**Material for this exercise**:
★ ★ ★
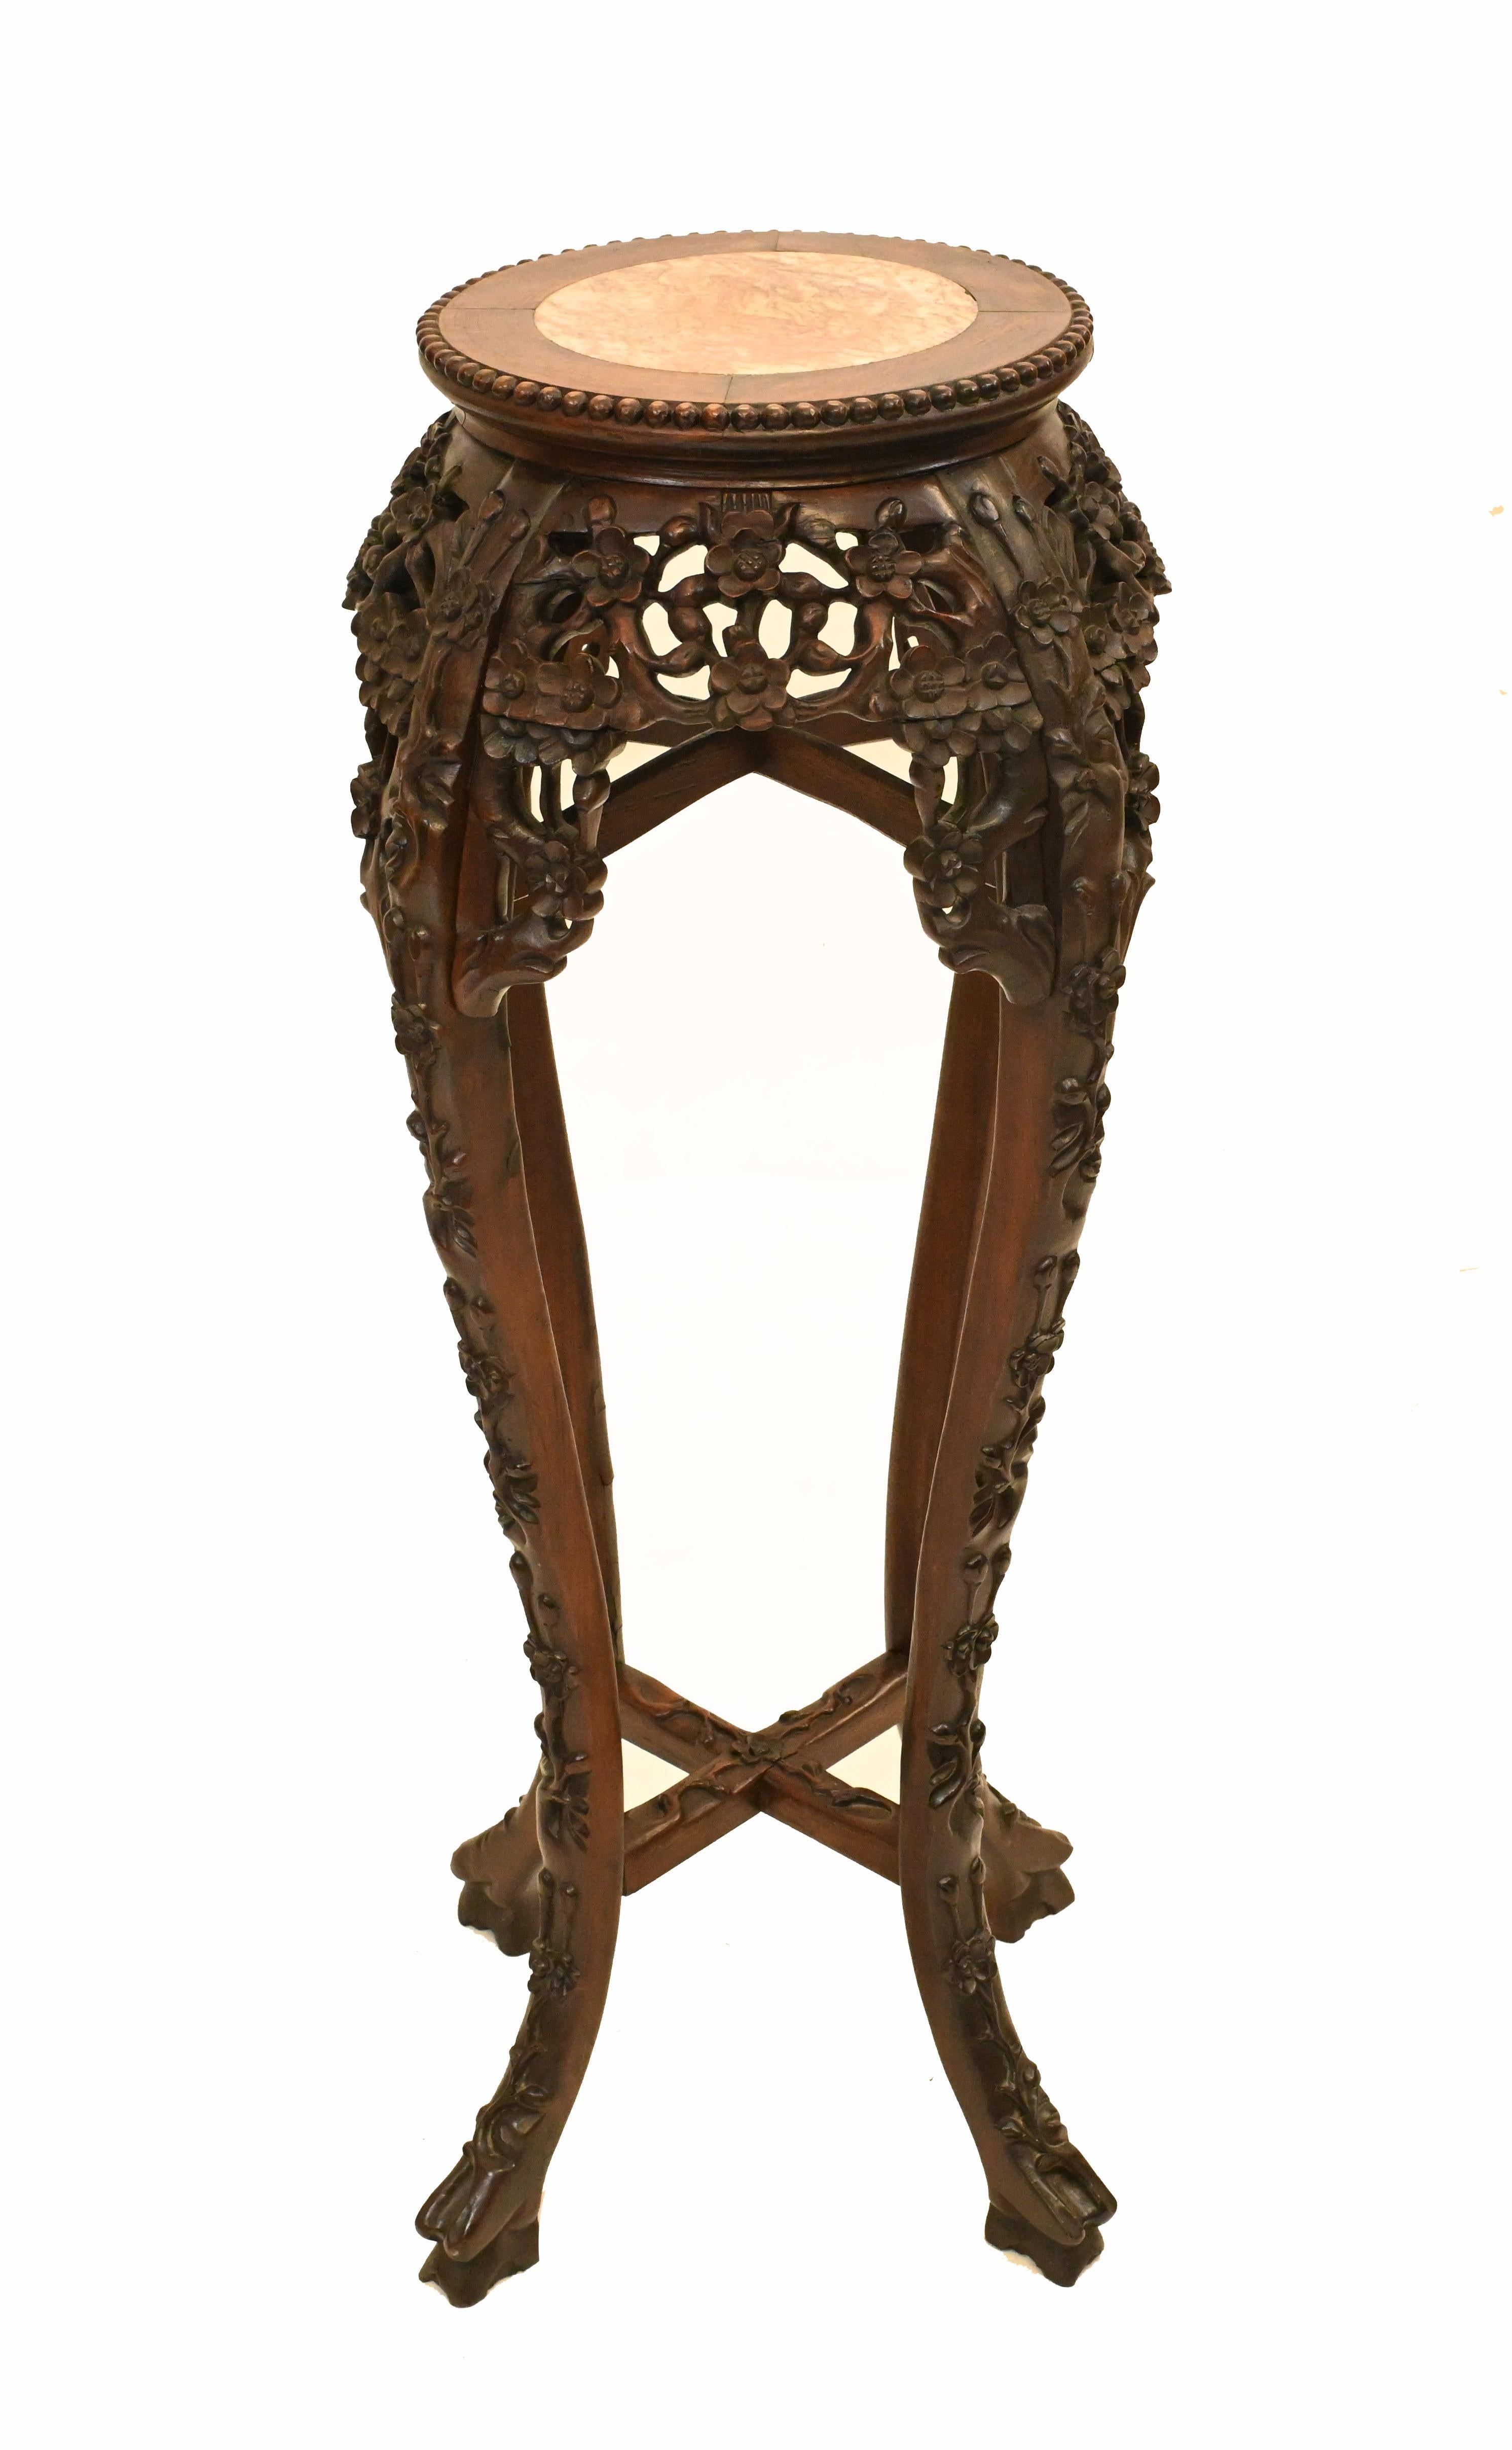 Wonderful antique Chinese pedestal stand.
Carved from hardwood we date this to circa 1840.
Great for displaying decorative pieces such as busts and urns.
Offered in great shape ready for home use right away.
We ship to every corner of the planet.
★ ★ ★
**Task brief**:
Since only the text is needed, retype the data above exactly and omit the pictures.

**Exercise answer**:
 Wonderful antique Chinese pedestal stand.
Carved from hardwood we date this to circa 1840.
Great for displaying decorative pieces such as busts and urns.
Offered in great shape ready for home use right away.
We ship to every corner of the planet.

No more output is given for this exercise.